If Intel (NASDAQ:INTC) wants to prove it has staying power in a post-PC world, it needs to get more of its chips in high-profile tablets. Sources have confirmed that Intel is taking a step into the winner’s circle by teaming up with Samsung on its new Galaxy tablets. According to VentureBeat, the Intel Atom will be the processor of choice for the Tab 3, though Samsung could have used its own chip to power the device.
The third-generation Galaxy tablets, which run the Android OS from Google (NASDAQ:GOOG), is a step up for Intel and its Atom chips.
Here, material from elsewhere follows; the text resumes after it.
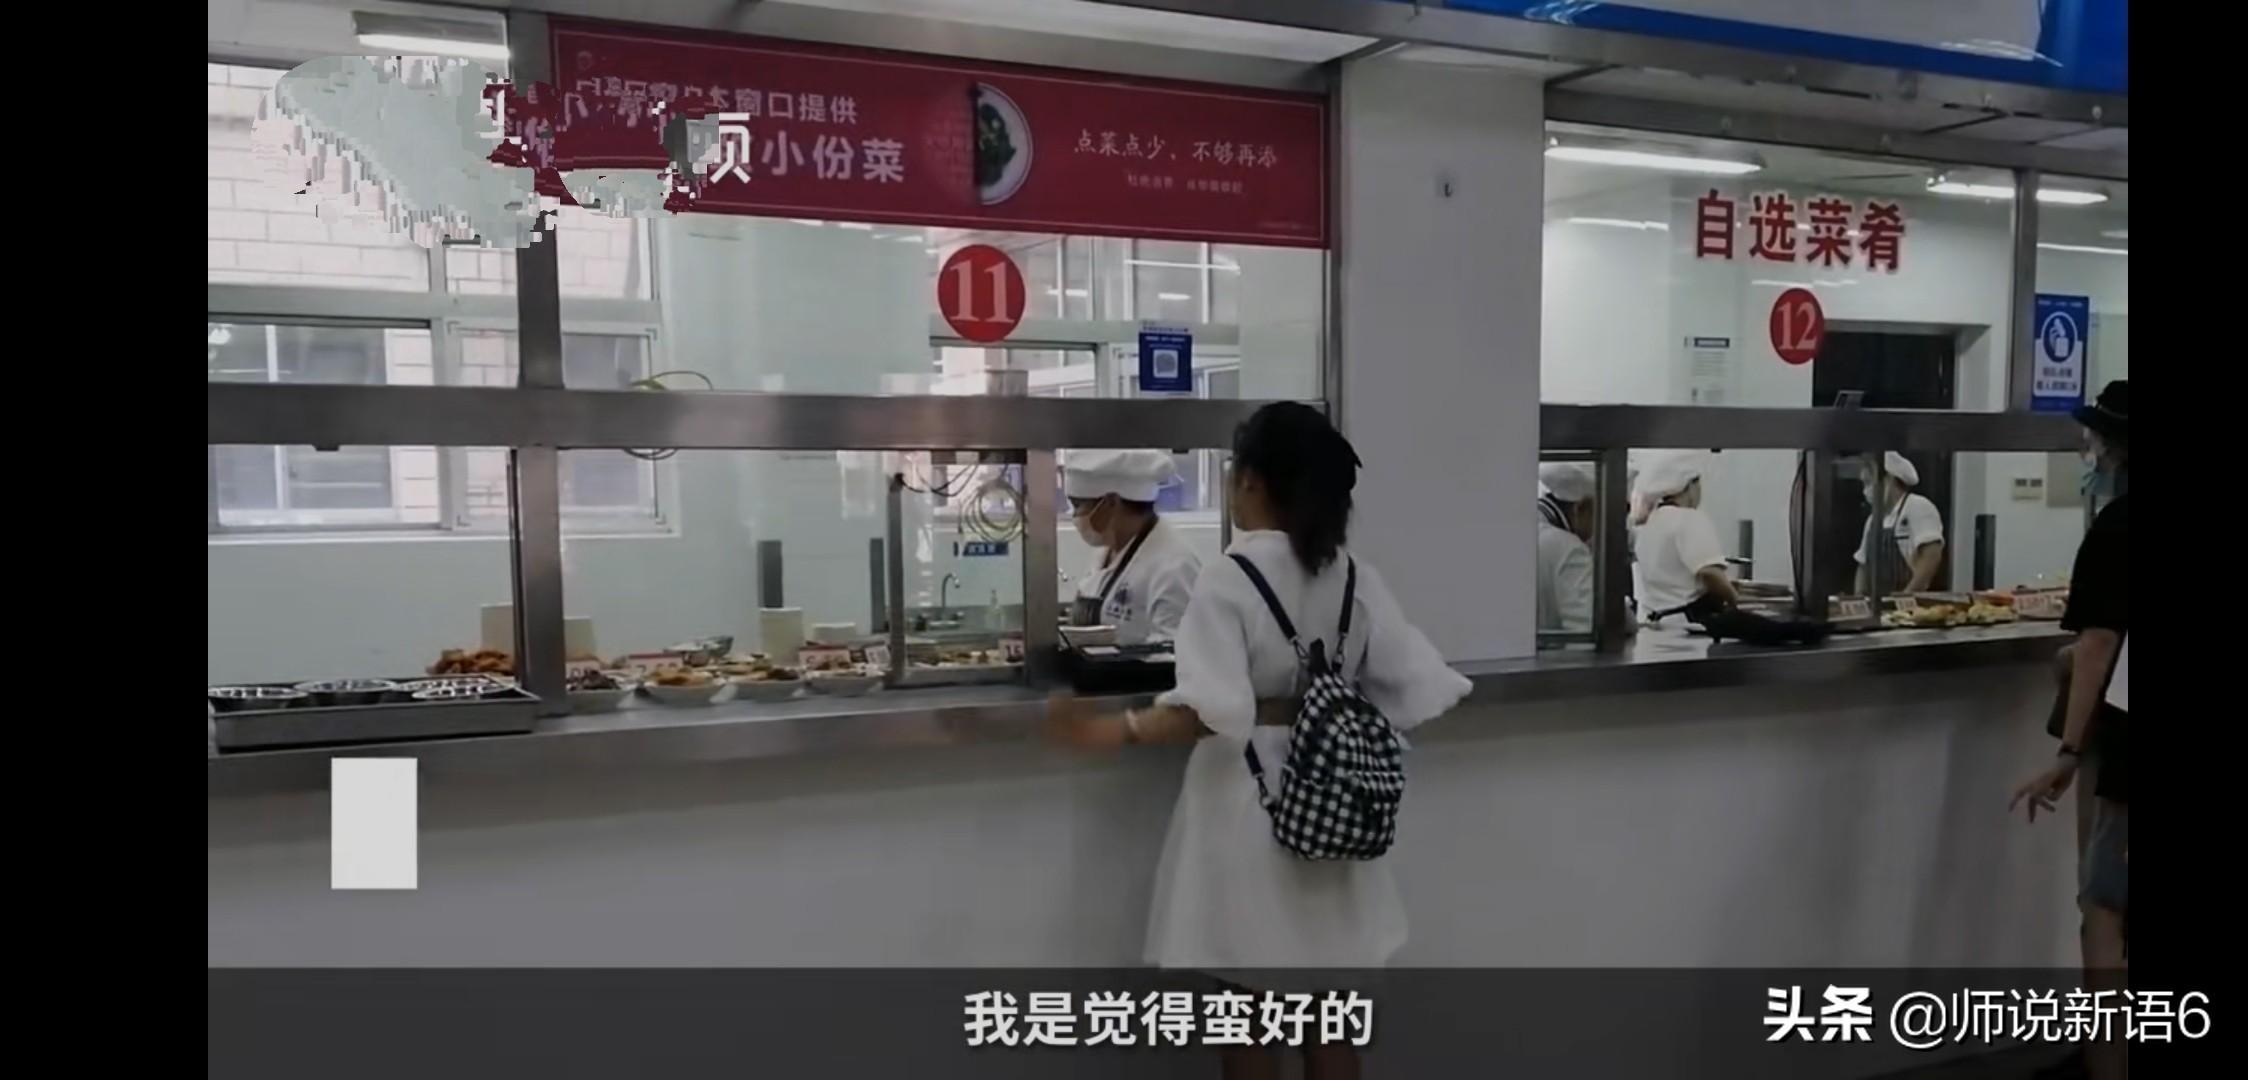 上海大学食堂推小鸟胃专属餐 这一招实在是太管用了

Previously, the Atom could be found in several inexpensive PCs and some tablets running Microsoft’s (NASDAQ:MSFT) Windows 8. Latching on to the wildly popular Galaxy line will increase exposure and test the Atom’s processing ability on the biggest stage yet.
For Intel, the company desperately needed a breakthrough in the mobile sphere as it tries to fight its way back to relevance. Though it can still claim a measure of success in the realm of servers, Intel’s mobile efforts have not been a success as of yet. The company hopes that tablets are the way back between the Samsung Galaxy model and the “ultrabooks” that will feature its Haswell chip.
Since Haswell is the newest Intel chip, there is even more riding on the processor behind the Windows 8 tablets and hybrid notebooks. Haswell, which will be in devices shipping later on this year, delivers better performance while using significantly less battery power in tablets. After a bug was identified in the earliest release, Intel solved the problem and got its high-powered chip back out to clients.
Samsung is by no means going exclusively with Intel chips for the third-generation Galaxy tablets. According to Gigaom, only one tablet has been confirmed, with others expected to run Samsung’s Exynos chip. Why would there be an incentive for Samsung to use an Intel processor rather than its own? Kevin Tofel speculates that Samsung may have gotten a great deal on the Atom chips and figures to use Exynos processors in Galaxy smartphones, which sell far better than the tablets. No matter what, Intel is undoubtedly celebrating a victory.